Negation is only provided as Prolog negation--by-failure in the
guard. This implies that we cannot use the {...}
triple
notation to test on the absence of a triple, but instead we need to use
the SWI-Prolog RDF-DB primitive rdf/3. For
example, to delete all person records that have no name, we can use the
rule below. The first triple verifies the record-type. The second
matches all triples on that record and the guard verifies that the
subject has no triples for the property ahm:name.
delete_no_name @@ { S, rdf:type, ahm:'Person' }, { S, _, _ } <=> \+ rdf(S, ahm:name, _).
Currently, there is no well-defined workflow for running the tools.
The files run.pl
and rewrite.pl
contain a
skeleton that I use to convert the data from AHM (Amsterdams Historisch
Museum). The file run.pl
loads relevant background data and
defines run/0 to call the initial
converter. The relevant steps of the initial converter are to load VRA
and mapping.ttl that contains the map:xmlname declarations discussed
above. Next, we load the XML into crude RDF using the call below. The
options specify that the input in XML without namespaces (dialect xml
rather than xmlns
) and that the file contains XML elements
named
record
as the desired unit of data for conversion.
run(File) :- load_xml_as_rdf(File, [ dialect(xml), unit(record) ]).
The result can be browsed by typing ?- triple20.
The file rewrite.pl
scripts the rewrite phase. It sets
up namespaces, calls to the rewrite predicates with the proper arguments
and finally provides the rules. Here are the toplevel predicates:
data
data
Below is an example run, showing all available rules and running a single rule. The example demonstrates that rules are applied until a fixed-point is reached (i.e., the RDF database does not change by applying the rules).
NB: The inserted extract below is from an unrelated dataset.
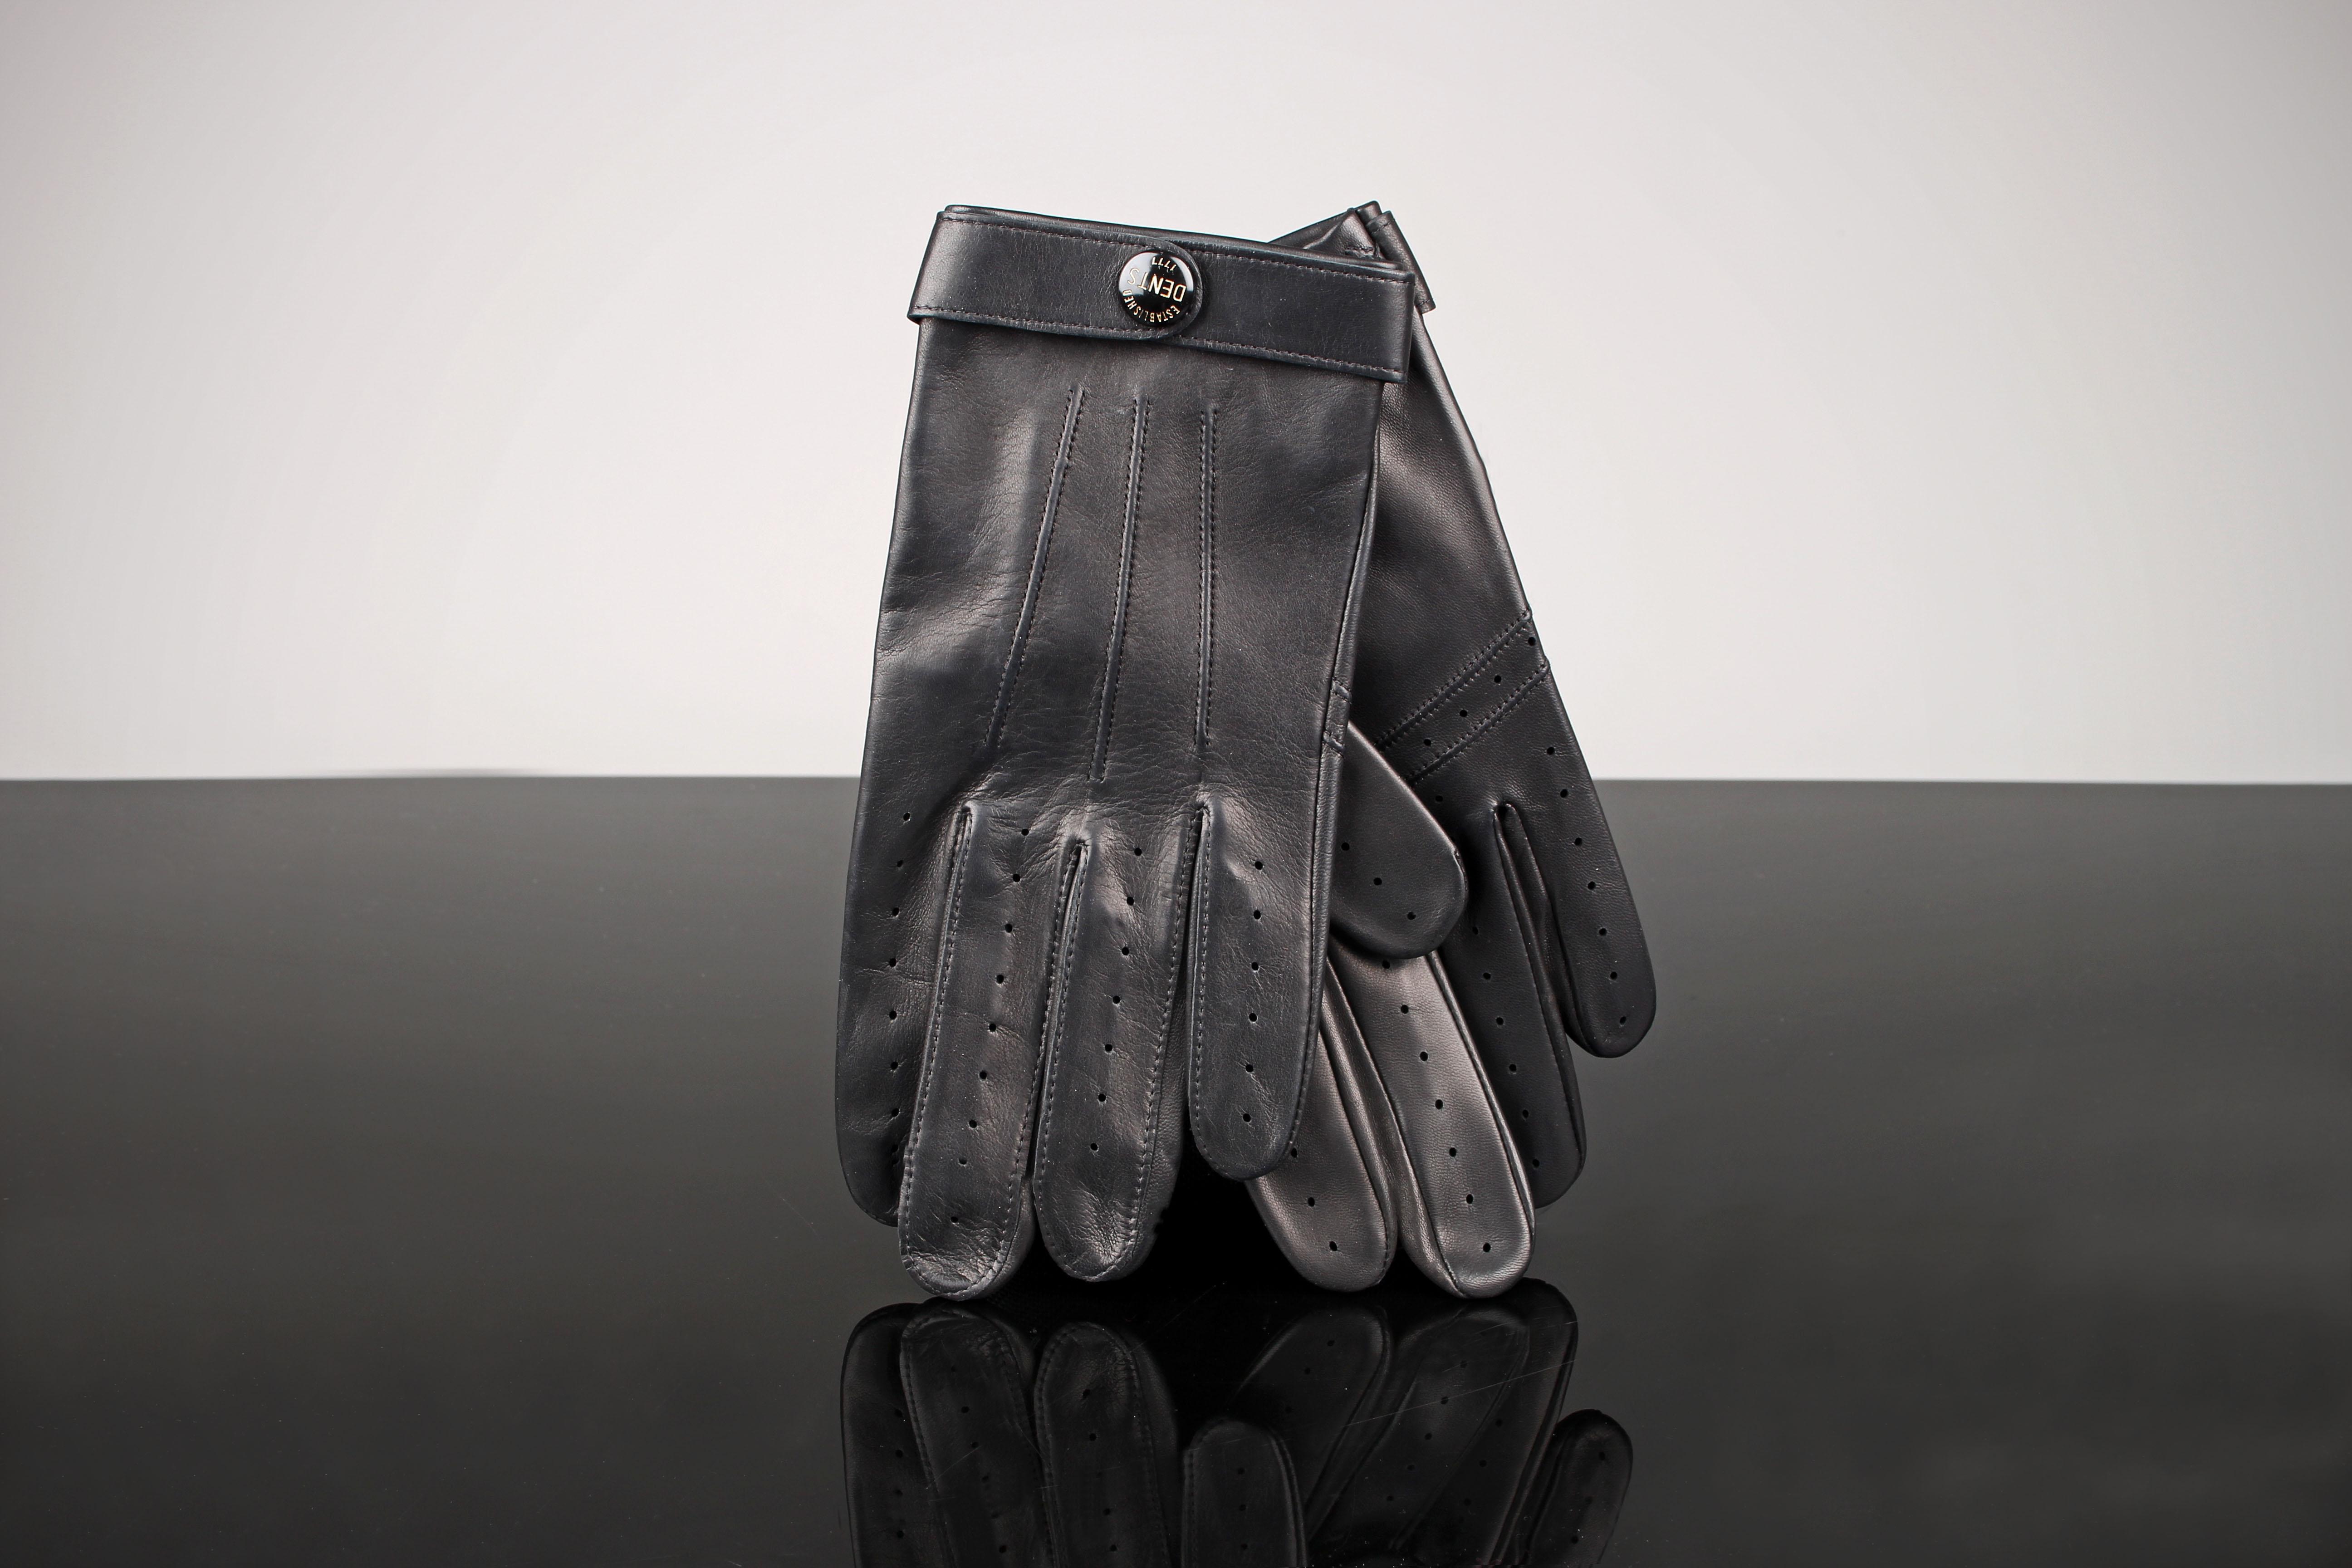 James bond leather driving gloves - Dents James Bond Spectre Leather Gloves 15 1007

?- [rewrite]. true. ?- list_rules. Defined RDF mapping rules: title_translations dimension work_uris creator_sequence creator_onbekend delete_unknown_creator delete_empty_literal creator material_aat related_object true. ?- rewrite(delete_empty_literal). % Applying ... delete_empty_literal (1) % 0.100 seconds; 23,456 changes; 2,008,860 --> 1,985,404 triples % Step 1: generation 2,020,746 --> 2,044,202 % Applying ... delete_empty_literal (1) % 0.000 seconds; no change % Step 2: generation 2,044,202 --> 2,044,202 true.